The Trump administration’s freeze on some environmental spending won’t impact the clean-up of the Gold King Mine in southwestern Colorado.
That’s according to Liz Payne, a staffer in Republican U.S. Rep. Scott Tipton’s office. The congressman got assurances from the White House that restoration work and water quality monitoring after the spill will continue.
It’s good news for environmental nonprofits in the region that work closely with the EPA on water quality, including Silverton-based Mountain Studies Institute. Executive Director Marcie Bidwell said a lot of work has been accomplished since the Gold King Mine Spill in 2015, where an EPA contractors accidentally spilled wastewater into the Animas River.
Bidwell pointed to consistency and dependability being key to a successful cleanup effort.
“I don’t think it matters what your politics are, if you don’t know how to predict the game in which you’re involved, it becomes really hard to know how to move forward--even if you’re trying to do so in the best interest of solutions,” she said.

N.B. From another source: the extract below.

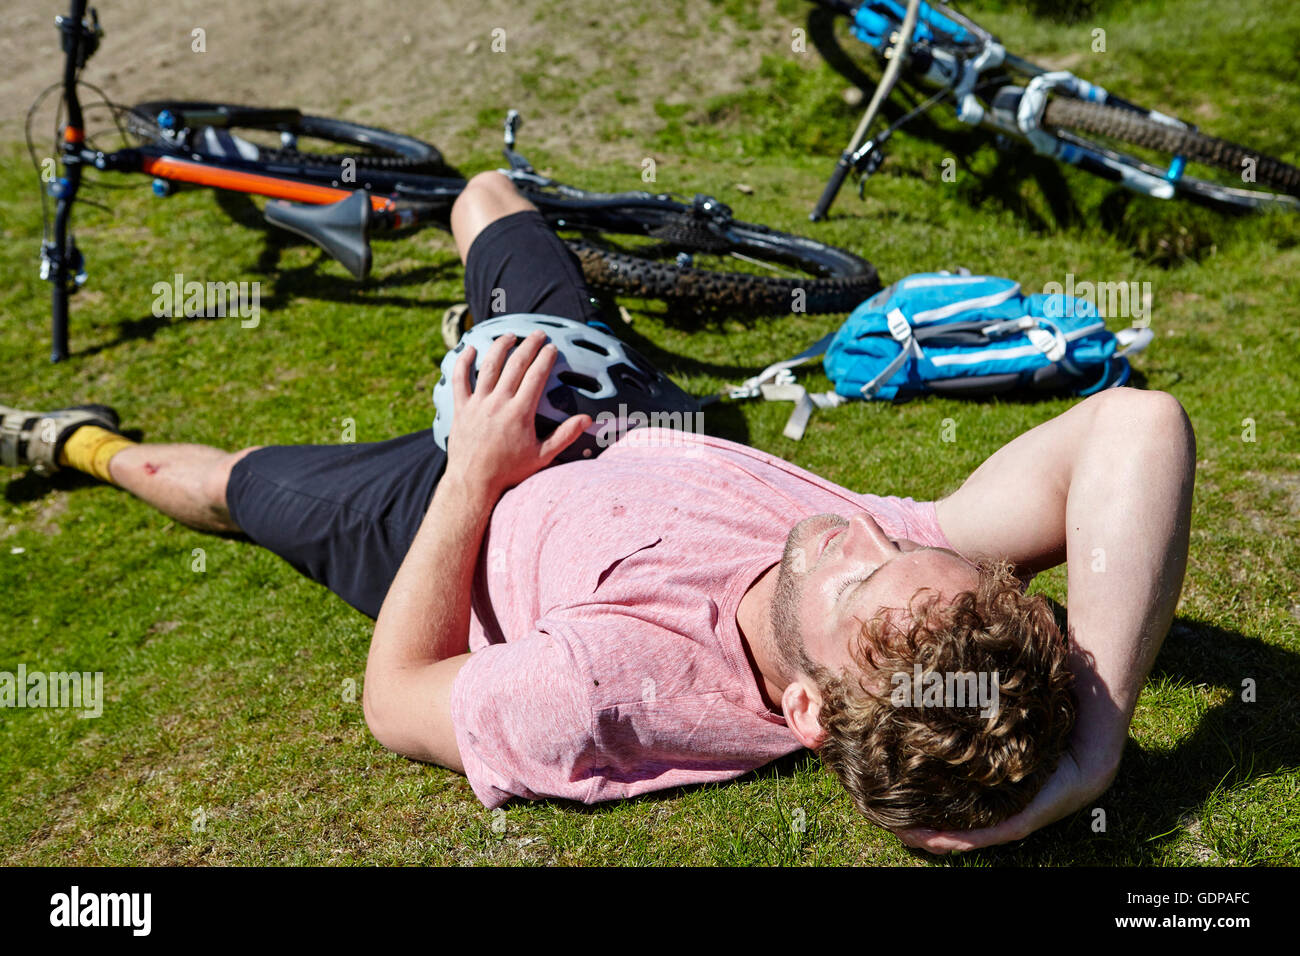 Radfahrer, die mit dem Fahrrad auf dem Rasen liegend Stockfoto
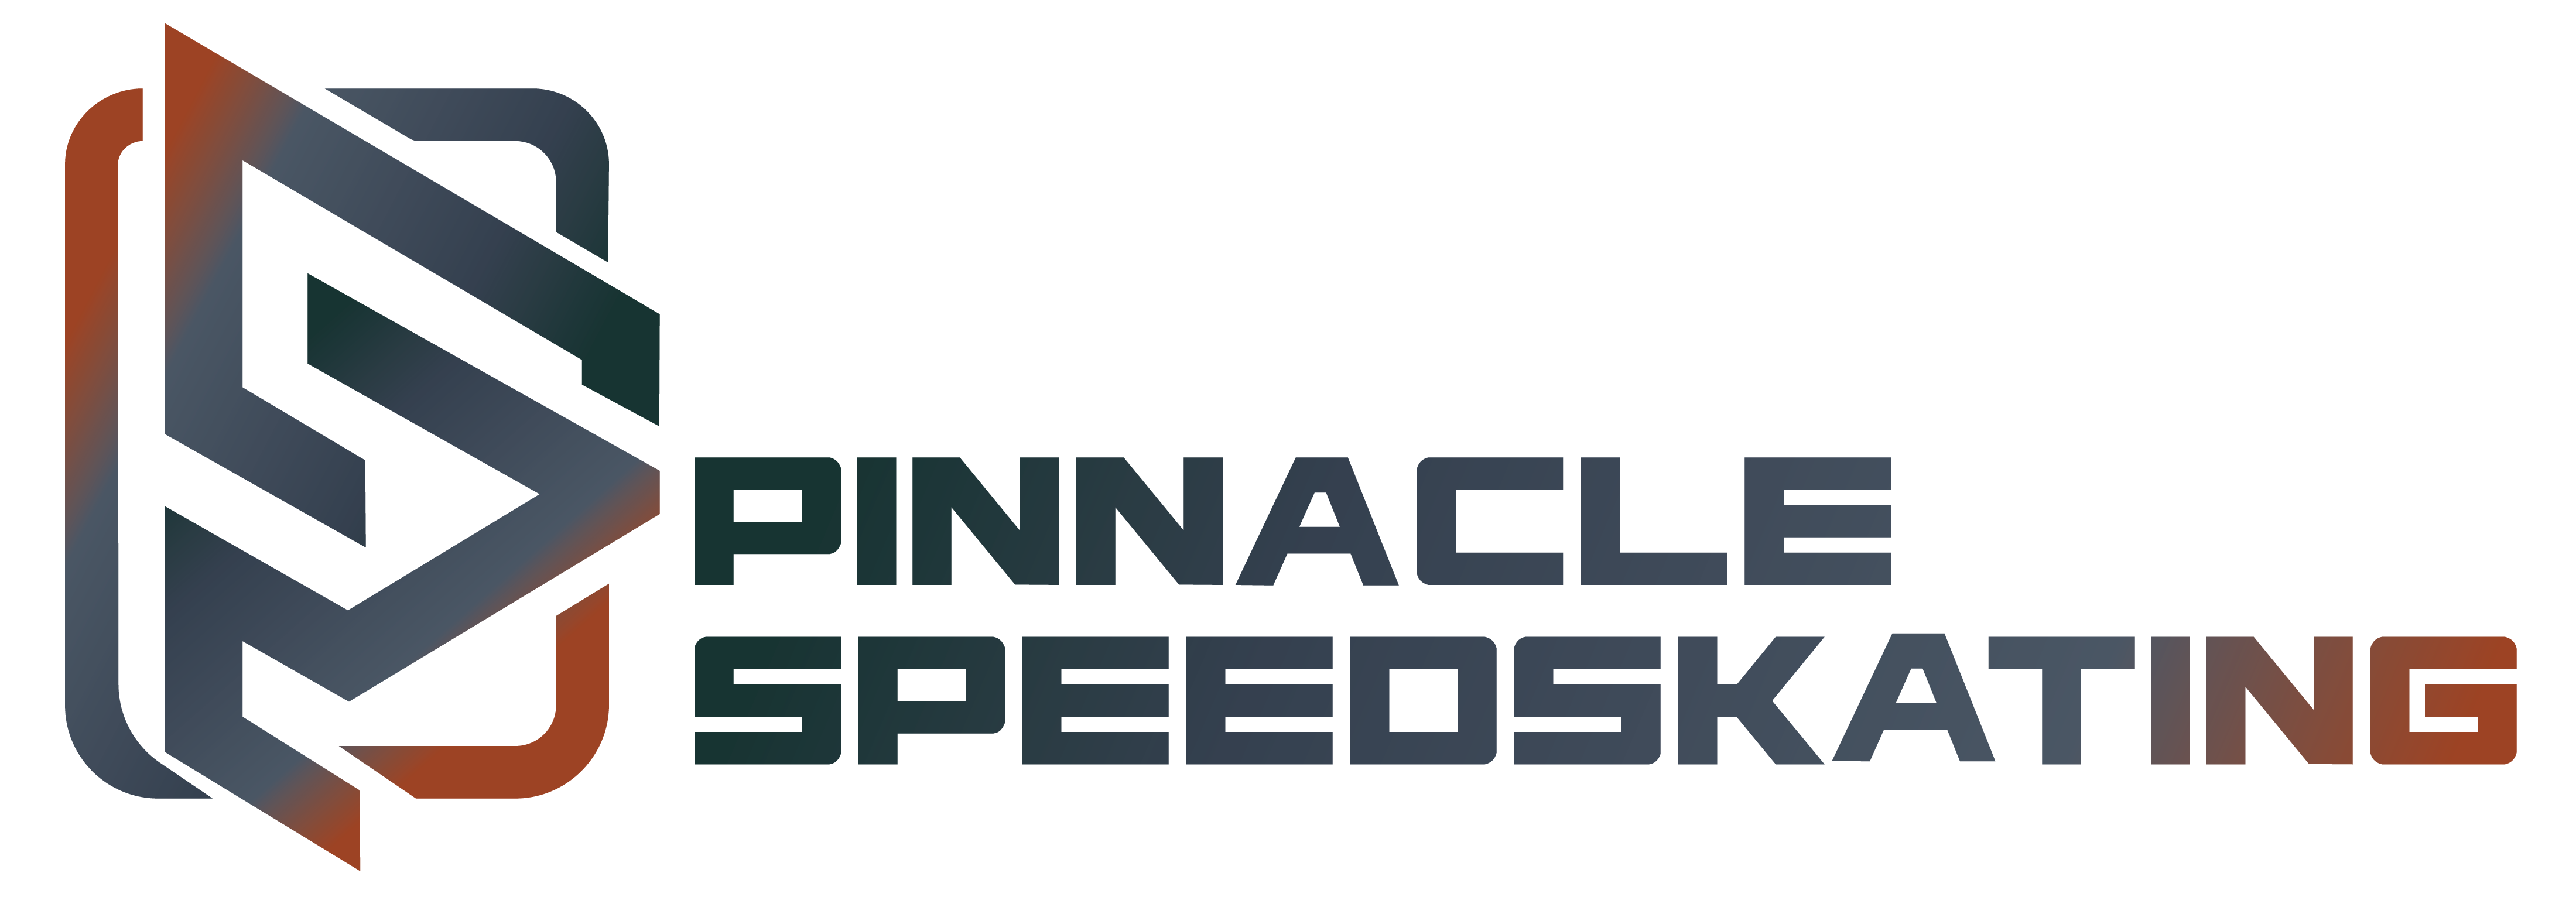 Pinnacle Speedskating Logo

Her organization and the the EPA continue to monitor water quality near the Gold King Mine near Silverton.
The Trump administration ordered the temporary suspension of EPA contracts and grants earlier this week. An EPA Spokeswoman told the Denver Post Wednesday that the agency continues to award environmental program grants and state revolving loan fund grants to states, and that the freeze could be suspended by the end of the week.
The Colorado Department of Public Health and Environment receives $28 million annually in grants from the EPA. Executive Director Larry Wolk said the department is still determining how--or if--it will be impacted.
“We do not have specifics from EPA about the freeze. In the event of a freeze, CDPHE’s leadership team will work together to implement changes so the loss of funding will have the least negative impact to the state’s environment,” he said in a statement.
The Associated Press contributed to this report.